- Records shown:
<<<<
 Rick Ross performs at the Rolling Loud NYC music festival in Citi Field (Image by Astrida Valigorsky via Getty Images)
>>>>
<<<<
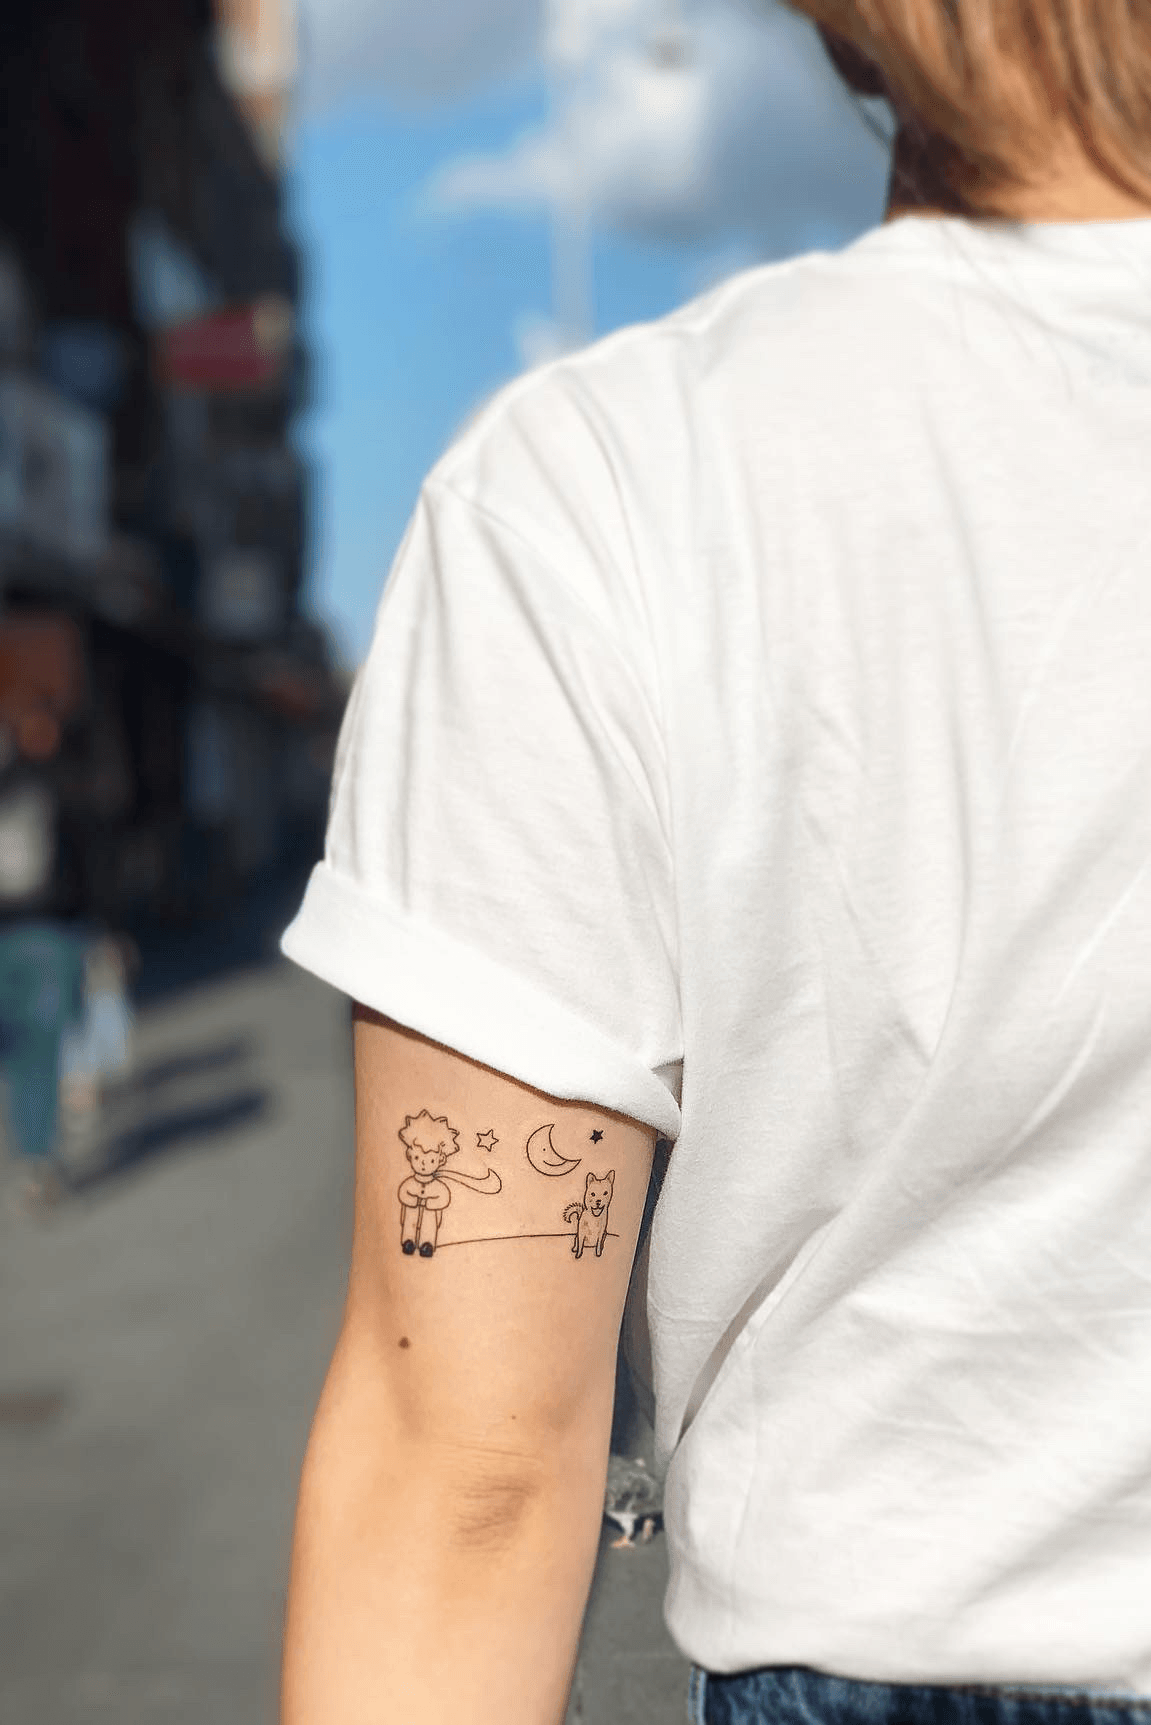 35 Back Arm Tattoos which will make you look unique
>>>>
<<<<
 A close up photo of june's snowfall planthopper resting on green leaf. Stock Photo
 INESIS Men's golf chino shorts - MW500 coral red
>>>>
- Problem requirements: Only the lines above from the one with "A close up photo" up to and including the one with "INESIS Men's golf" should be repeated, exactly as written.

- Exercise solution:
 A close up photo of june's snowfall planthopper resting on green leaf. Stock Photo
 INESIS Men's golf chino shorts - MW500 coral red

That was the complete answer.